Google in Mountain View, California, fell in the hours after the post-trading at $ 533.44 on the Nasdaq Stock Market. If the decline of the owners when the market opens tomorrow, would the largest fall since 2004, the first publicly traded companies.

It is only the third time that Google has no projections in 16 districts, as a public company. The net profit amounted to $ 1.25 billion or $ 3.92, from $ 925 million or $ 2.93, a year earlier, the company said today in a statement. Sales of revenue from partner sites, with 43 percent to 3.9 billion U.S. dollars. Google offers no predictions.

The clicks on ads, 19 percent of the slowdown in growth from 47 percent in the previous year.

Economic Challenges

“ We are very well in a downturn,”Schmidt, 53, said today in a telephone conference. “ Traffic and revenue have actually taken place, despite the uncertain economic conditions.”

Well, that Schmidt not to say Google has been violated by the economic downturn, including analysts at Stanford Group Co. ’s Clayton Moran said that it is the first time that the company recognized the difficulties of the economy.

The economists believe that on average the United States economic growth of 1.2 percent last quarter, compared with 3.8 percent a year ago and 1 percent compared to the previous quarter. The first time without employment claims rose last week to 366000 that the U.S. housing market, the credit supply and slow consumer spending had a negative impact on growth.

Some analysts’ forecasts for the profit of Google is not an effect of $ 3:24 billion purchase of DoubleClick Inc. Mars, said Jeff Lindsay, an analyst at Sanford C. Bernstein & Co. in New York.

Interest

The acquisition of Google in terms of reducing the cash flow, giving it less money for short-term investments to report interests. The revenue from interest and other sources are up to $ 58 million from $ 167 million in the previous quarter and $ 137 million a year earlier.

Viacom The process to improve Google in the field of general and administrative expenses by 49 percent to $ 475 million, said Lindsay. While Google refused to reveal how it has spent on court costs, the company has recognized that the costs have increased legal and could be difficult to predict.

Court costs in gusts, Schmidt told analysts on the conference call. “ Welcome to the economics of information.”

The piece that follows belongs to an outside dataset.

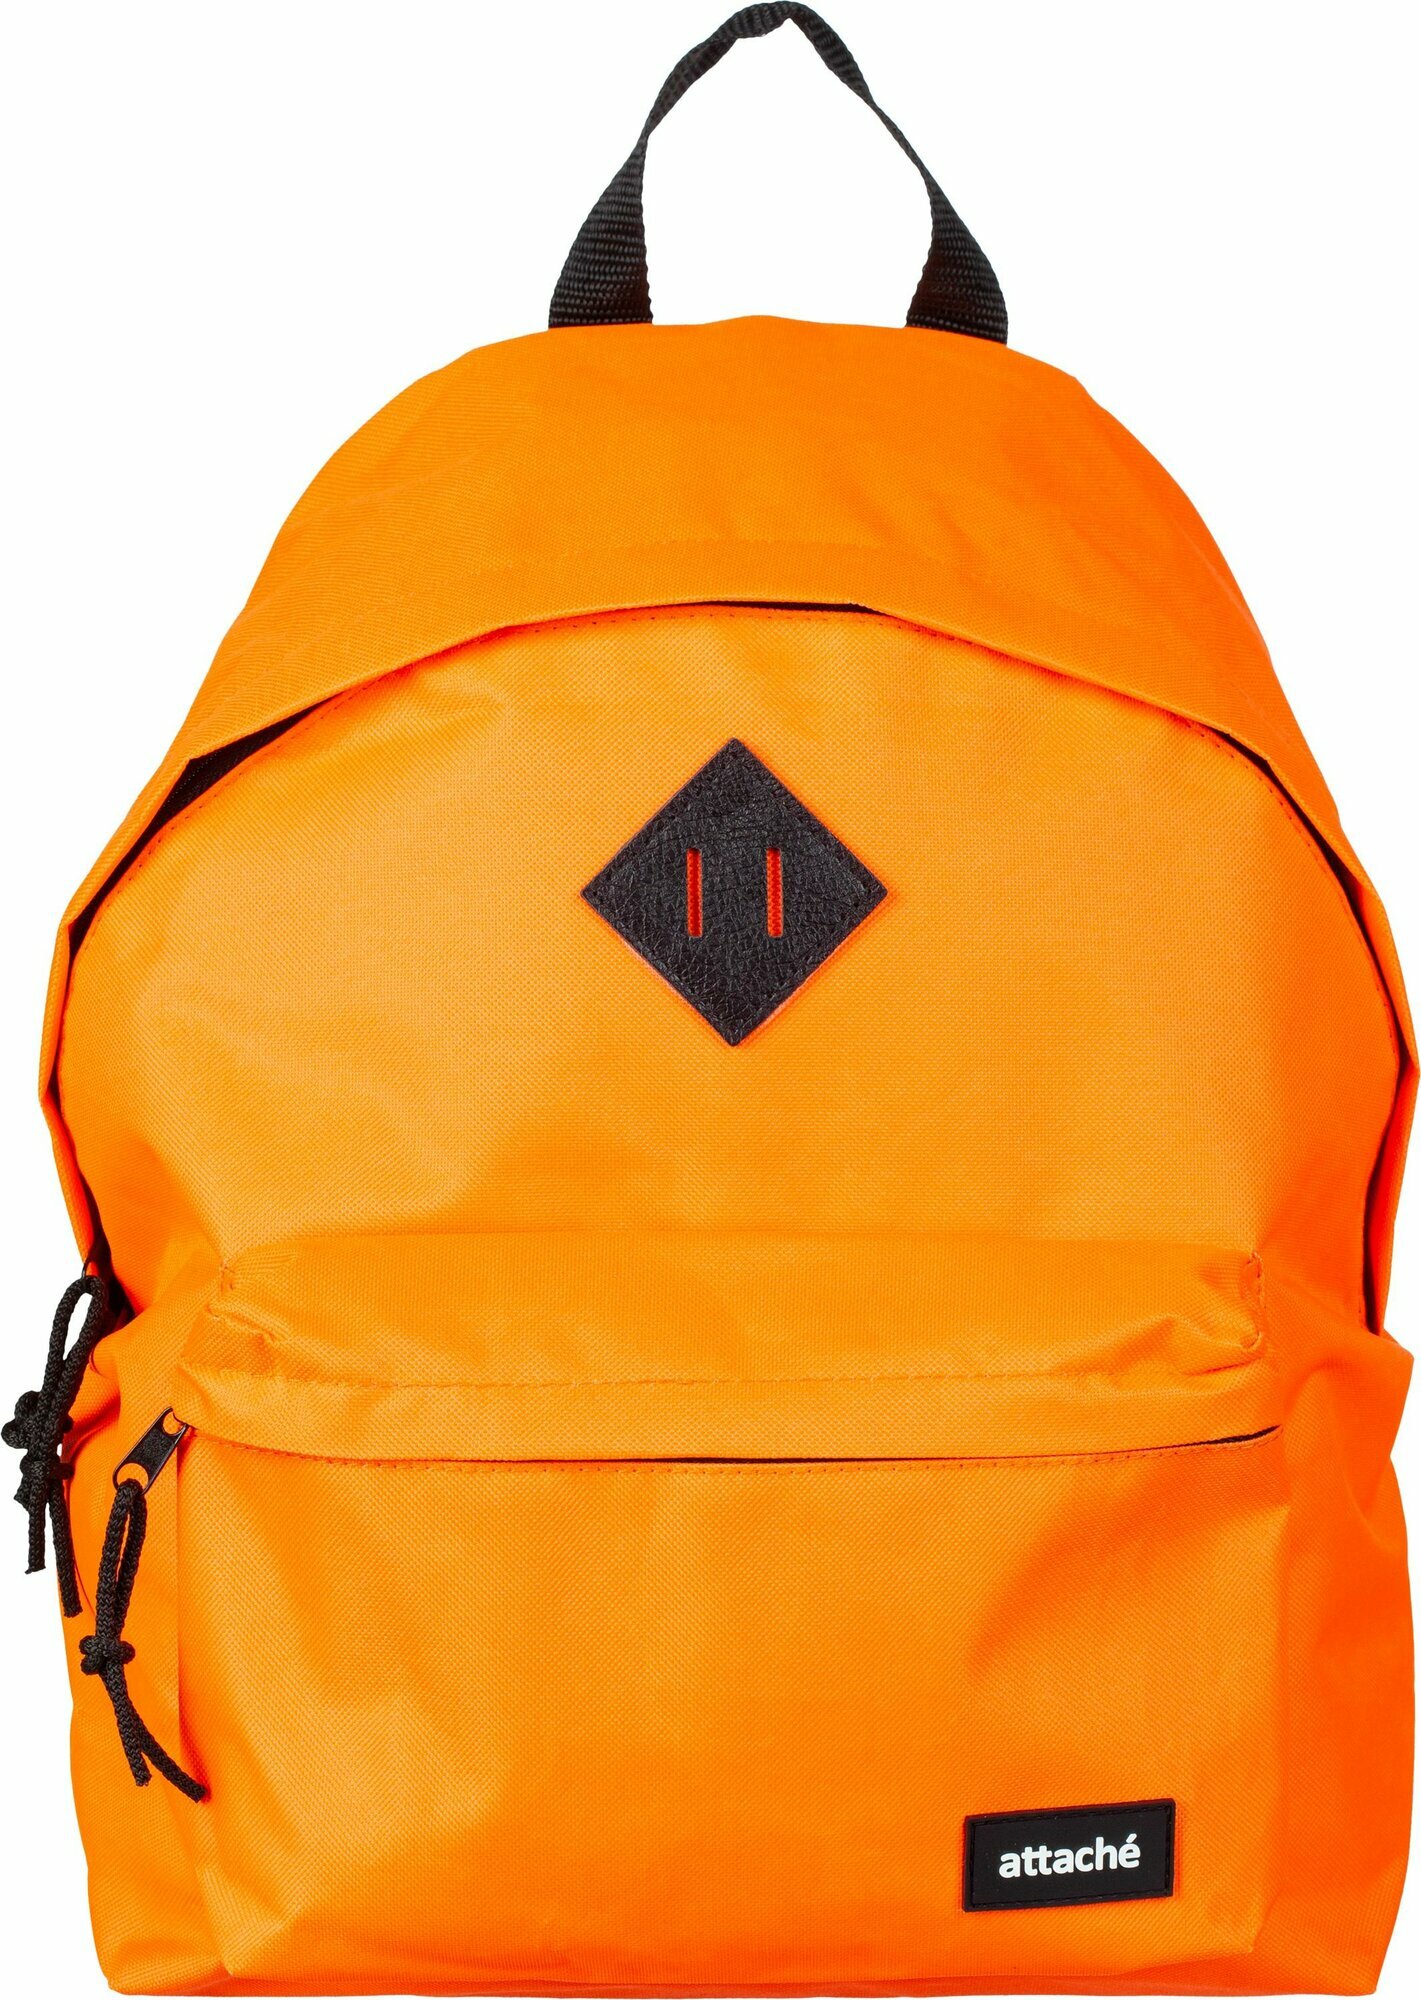 Рюкзак Attache Neon универсальный оранжевый, размер 300x140x390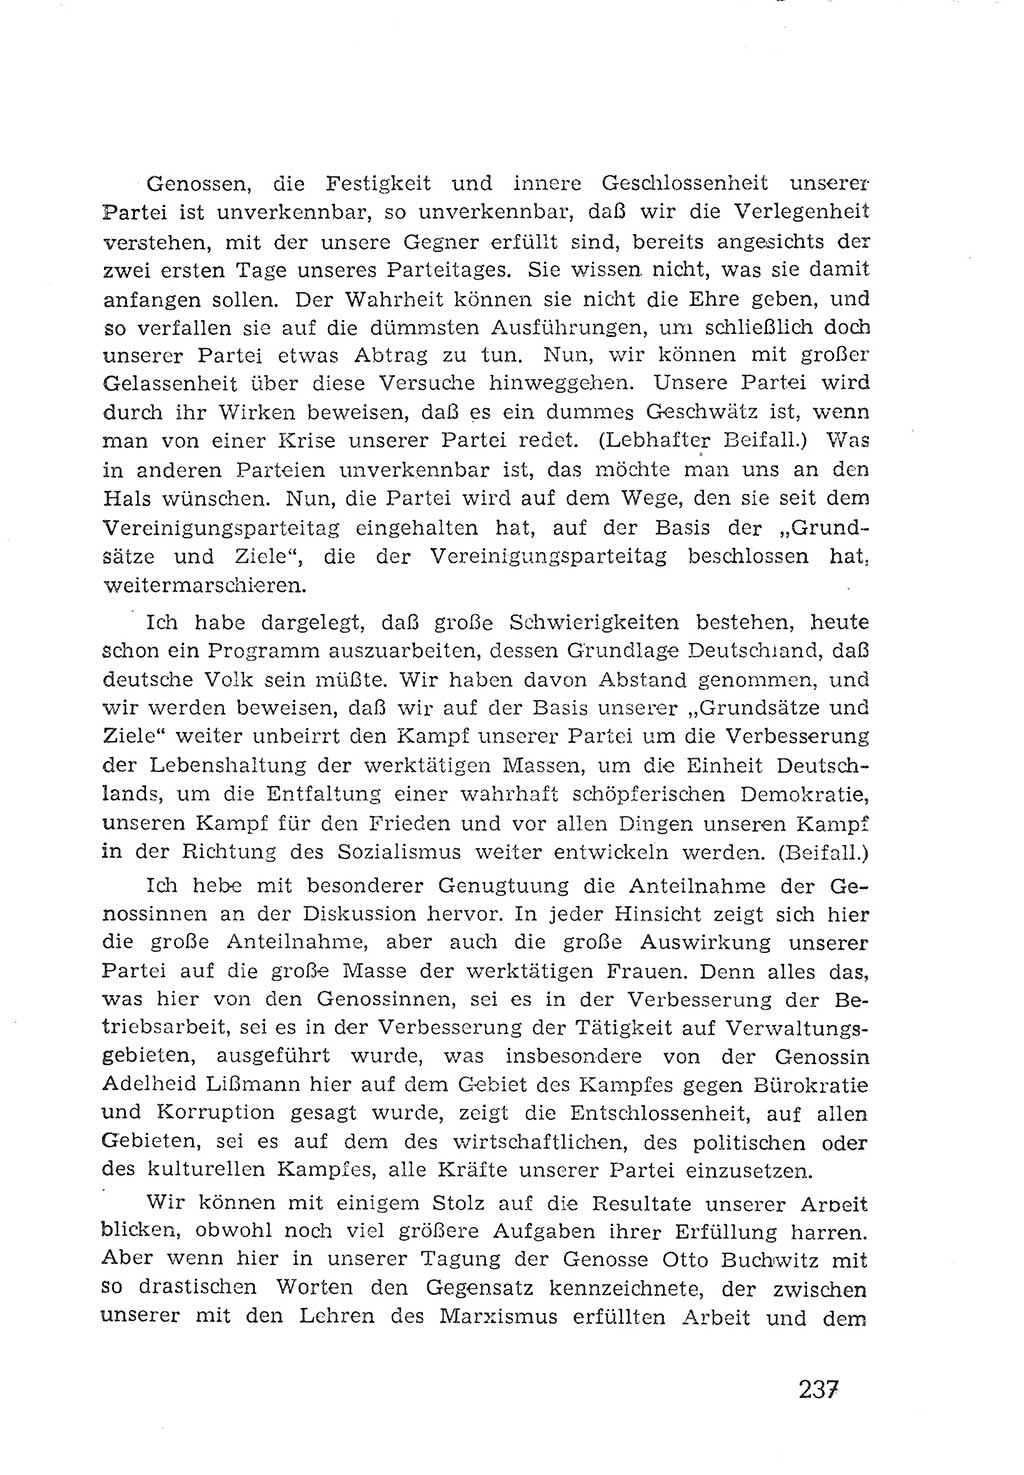 Protokoll der Verhandlungen des 2. Parteitages der Sozialistischen Einheitspartei Deutschlands (SED) [Sowjetische Besatzungszone (SBZ) Deutschlands] 1947, Seite 237 (Prot. Verh. 2. PT SED SBZ Dtl. 1947, S. 237)

Google seeks to reduce spending, co-founder Sergey Brin said today in an interview. In addition to the recruitment of workers less, the company is analysing the possibilities for reducing the entrepreneur, “he says.

“ We have a much more sustainable on the attitude now”, he said. “ There were a number of things, here and there could be something unique in its kind in the quarter, which would have been a part of the cost for us.”He refused to draw up to the reasons for the cost General and administrative expenses increased .

Spending for ads

U.S. your spending on advertising to rise 2% this year, against an earlier forecast of 3.7 percent, with headquarters in New York, researchers worldwide Magna said in this month. Google, which more than half the turnover in the last year, in the race with Yahoo! Inc. and Microsoft Corp. for customers that the advertisers the most effective means to pay, the budget decrease.

Google site around 62 percent of United States web in May, about twice the market share of Yahoo and Redmond, Washington, founded by Microsoft combined, according to ComScore Inc. To advantage of higher prices Google, Yahoo CEO Jerry Yang suggested an offer to Google to sell ads to promote his business search engine, the prevention of Microsoft to buy, the whole or part of the in Sunnyvale, California-based company.

The partnership, during the examination by the Ministry of Justice and for the meetings this week by the legislature of the United States, May, the price of Yahoo search ads by 22 percent, said Roger Barnette, President SearchIgnite Inc., Atlanta Marketing research.